■ What is needed: Below is a block of entries; repeat exactly the lines starting at the line that contains "Awe Inspiring Duanesburg" and ending at the line that contains "Dracaena Interior plant", both included.

■ Recorded information:
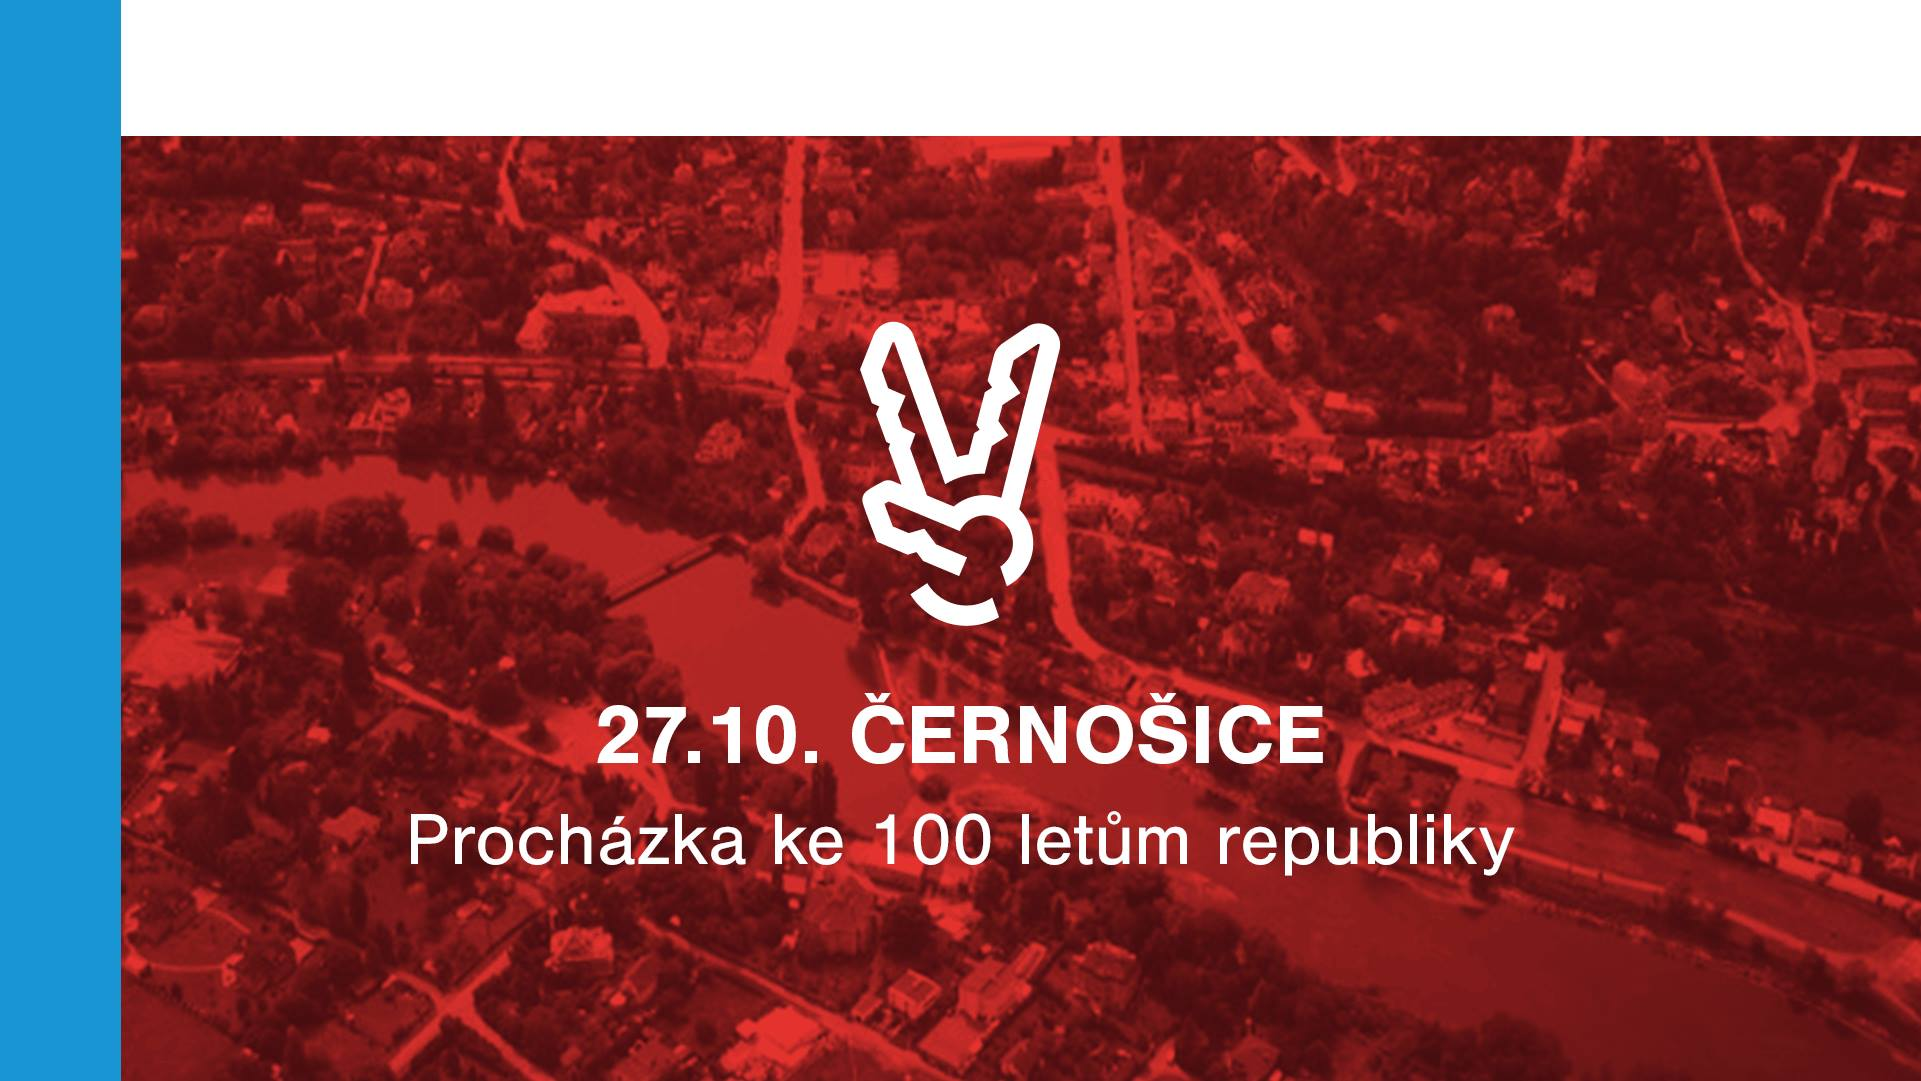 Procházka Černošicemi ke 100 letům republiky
---
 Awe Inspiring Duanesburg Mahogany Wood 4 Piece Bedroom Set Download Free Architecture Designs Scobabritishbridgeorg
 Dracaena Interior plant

■ Output:
 Awe Inspiring Duanesburg Mahogany Wood 4 Piece Bedroom Set Download Free Architecture Designs Scobabritishbridgeorg
 Dracaena Interior plant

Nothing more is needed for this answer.